INSTRUCTIONS FOR THE TASK
Copy out the listing in full, exactly as written, but not its pictures.

SOURCE MATERIAL

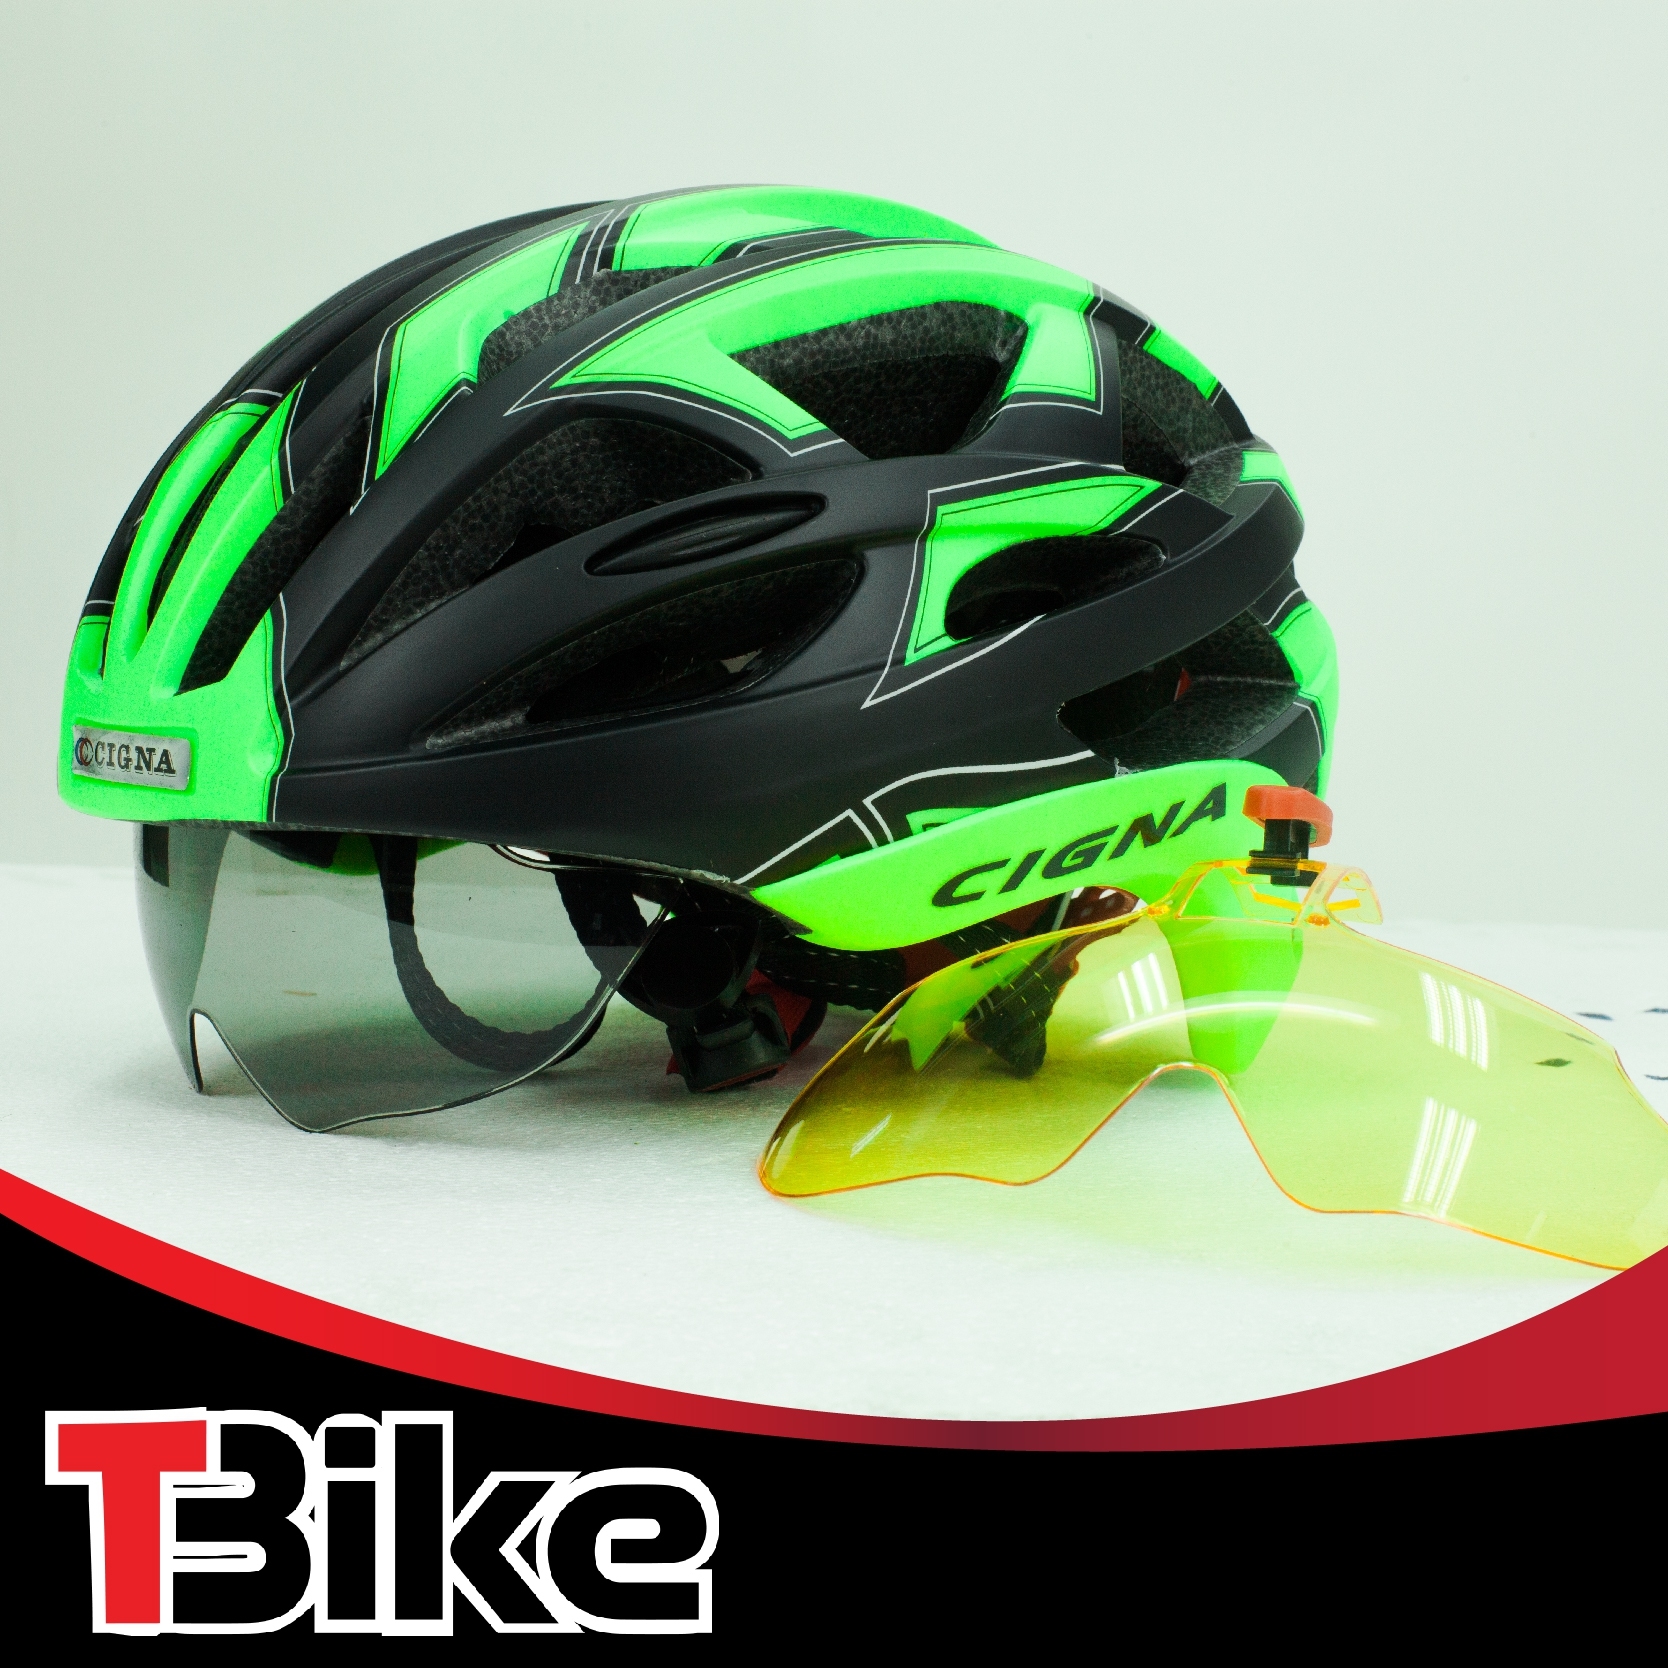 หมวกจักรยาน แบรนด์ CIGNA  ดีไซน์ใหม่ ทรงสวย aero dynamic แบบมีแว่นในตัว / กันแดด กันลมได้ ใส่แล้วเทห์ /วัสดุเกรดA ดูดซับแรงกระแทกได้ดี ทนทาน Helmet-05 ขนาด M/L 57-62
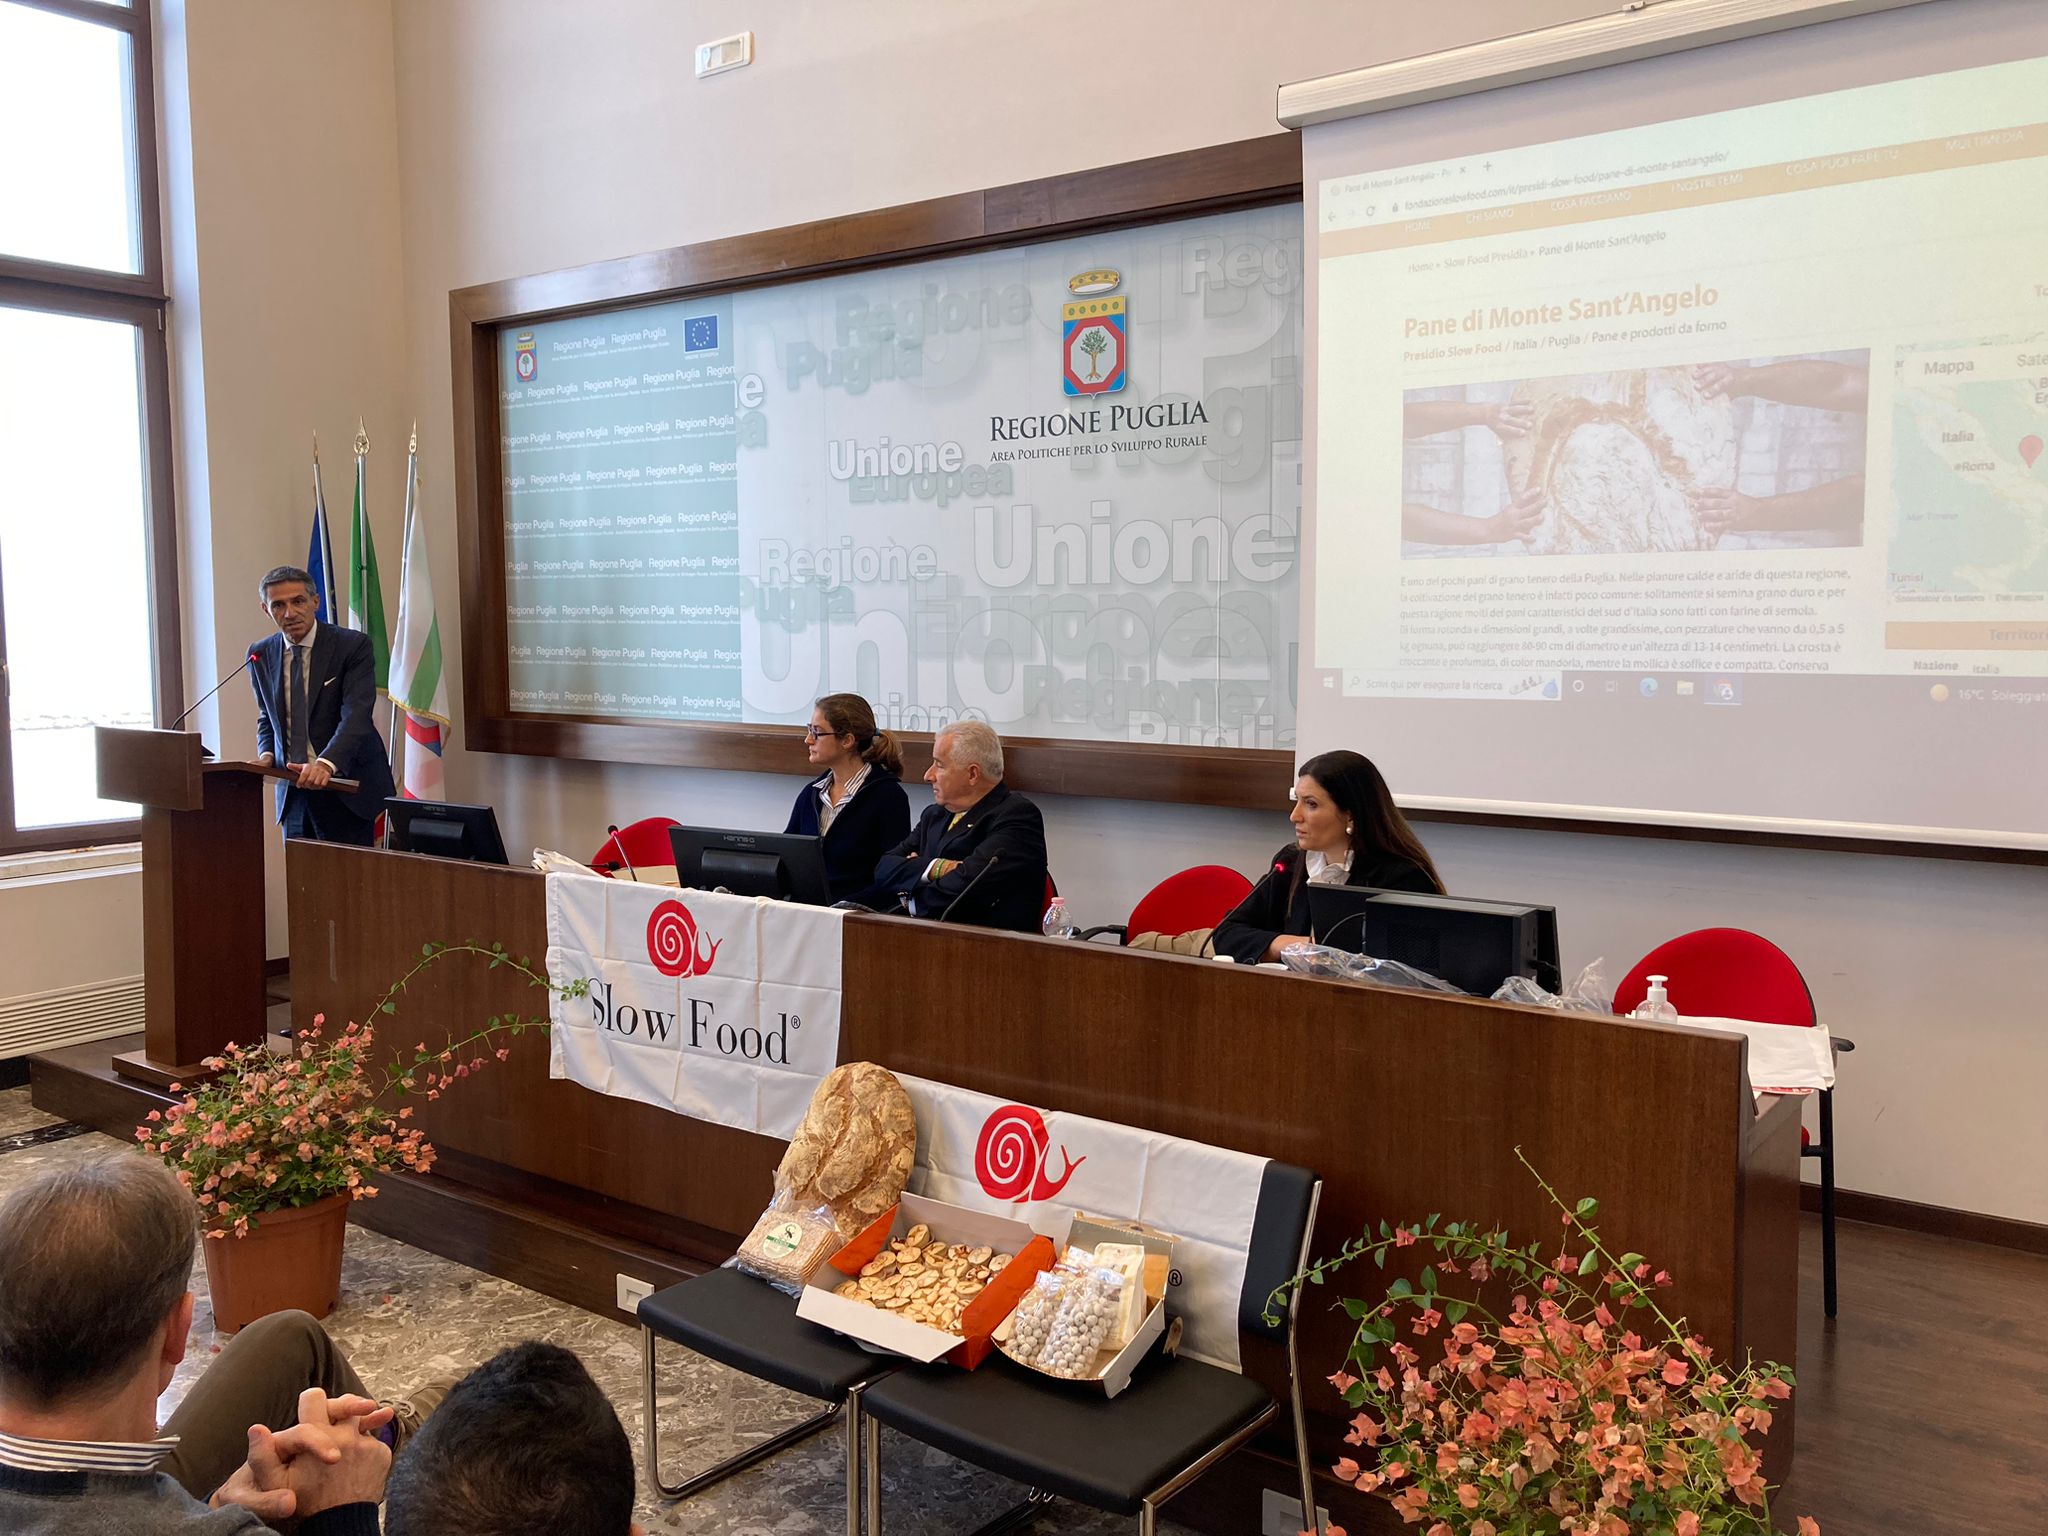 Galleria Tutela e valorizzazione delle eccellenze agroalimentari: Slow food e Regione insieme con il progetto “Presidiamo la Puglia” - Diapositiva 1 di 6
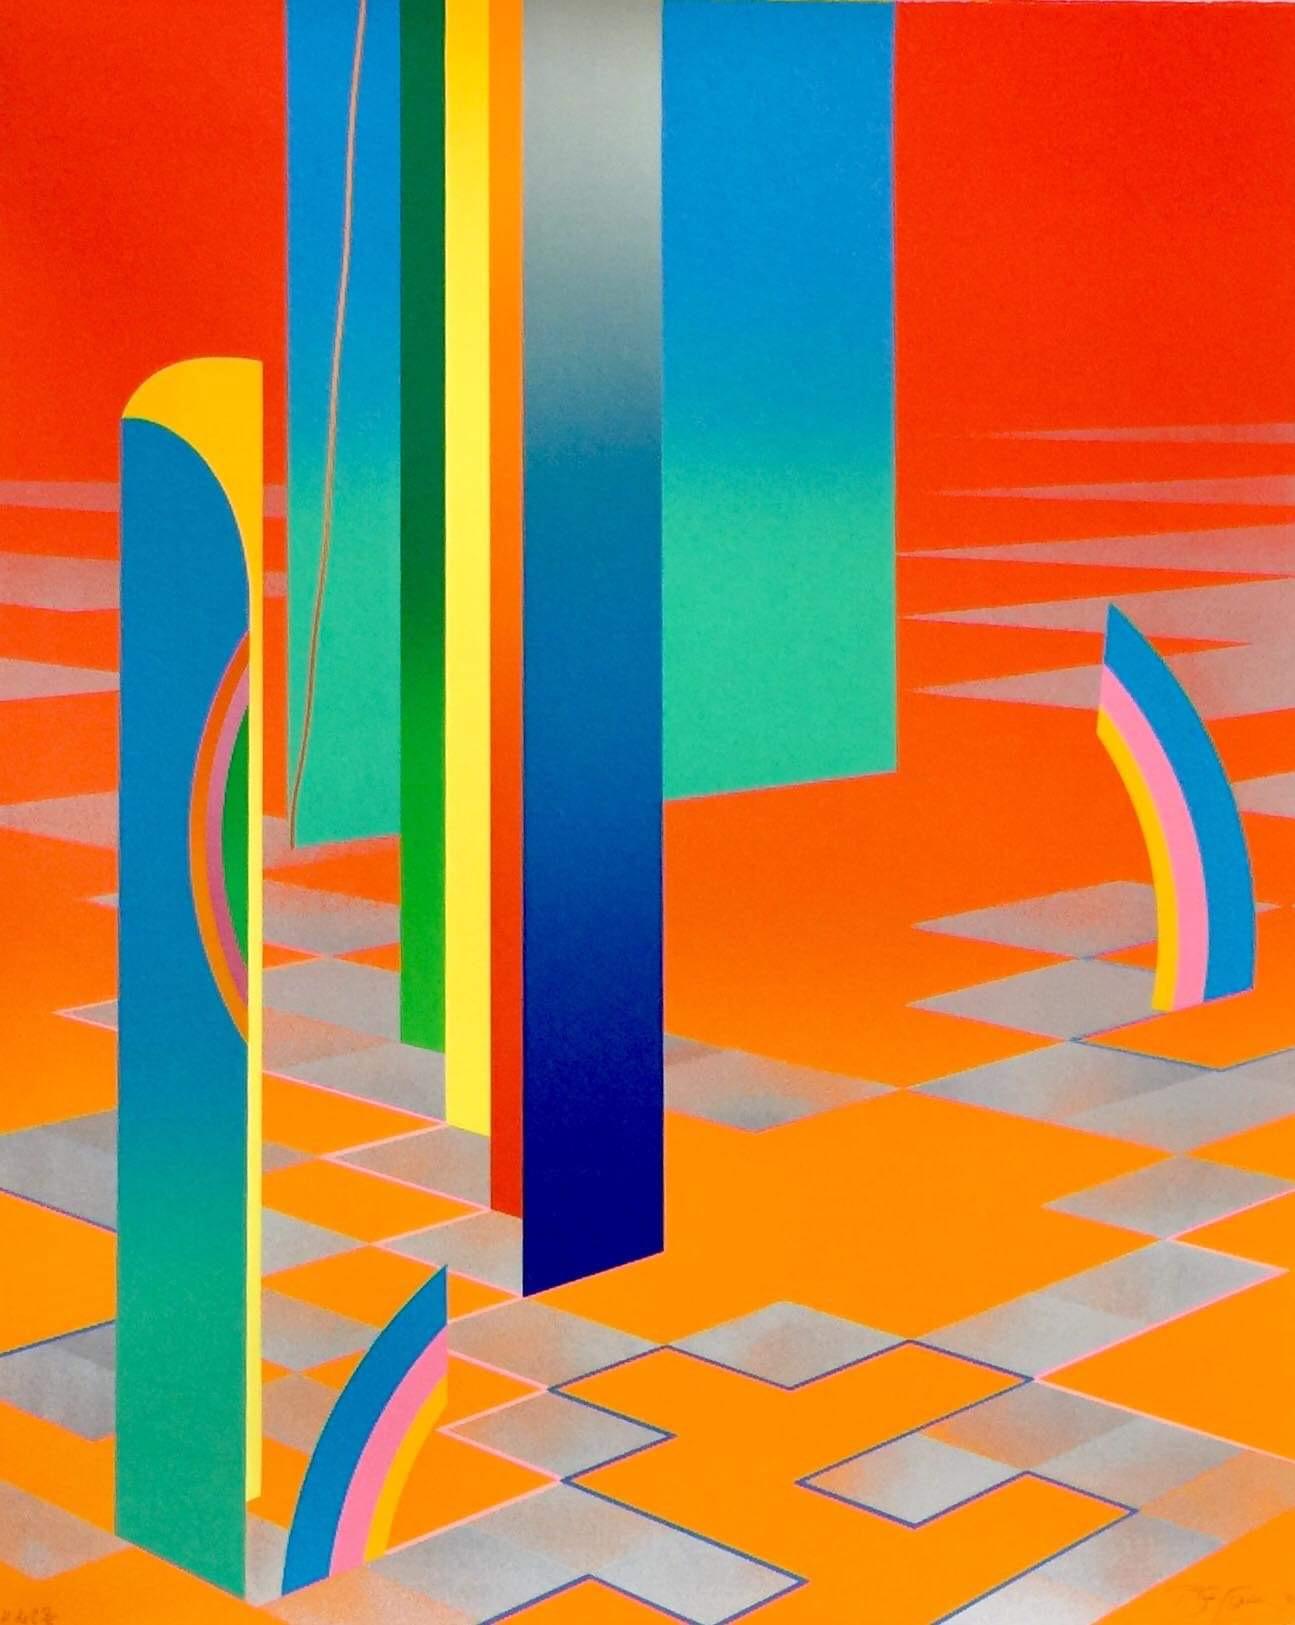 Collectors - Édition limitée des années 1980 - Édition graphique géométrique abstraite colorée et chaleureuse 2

SOLUTION TO THIS PROBLEM
 หมวกจักรยาน แบรนด์ CIGNA  ดีไซน์ใหม่ ทรงสวย aero dynamic แบบมีแว่นในตัว / กันแดด กันลมได้ ใส่แล้วเทห์ /วัสดุเกรดA ดูดซับแรงกระแทกได้ดี ทนทาน Helmet-05 ขนาด M/L 57-62
 Galleria Tutela e valorizzazione delle eccellenze agroalimentari: Slow food e Regione insieme con il progetto “Presidiamo la Puglia” - Diapositiva 1 di 6
 Collectors - Édition limitée des années 1980 - Édition graphique géométrique abstraite colorée et chaleureuse 2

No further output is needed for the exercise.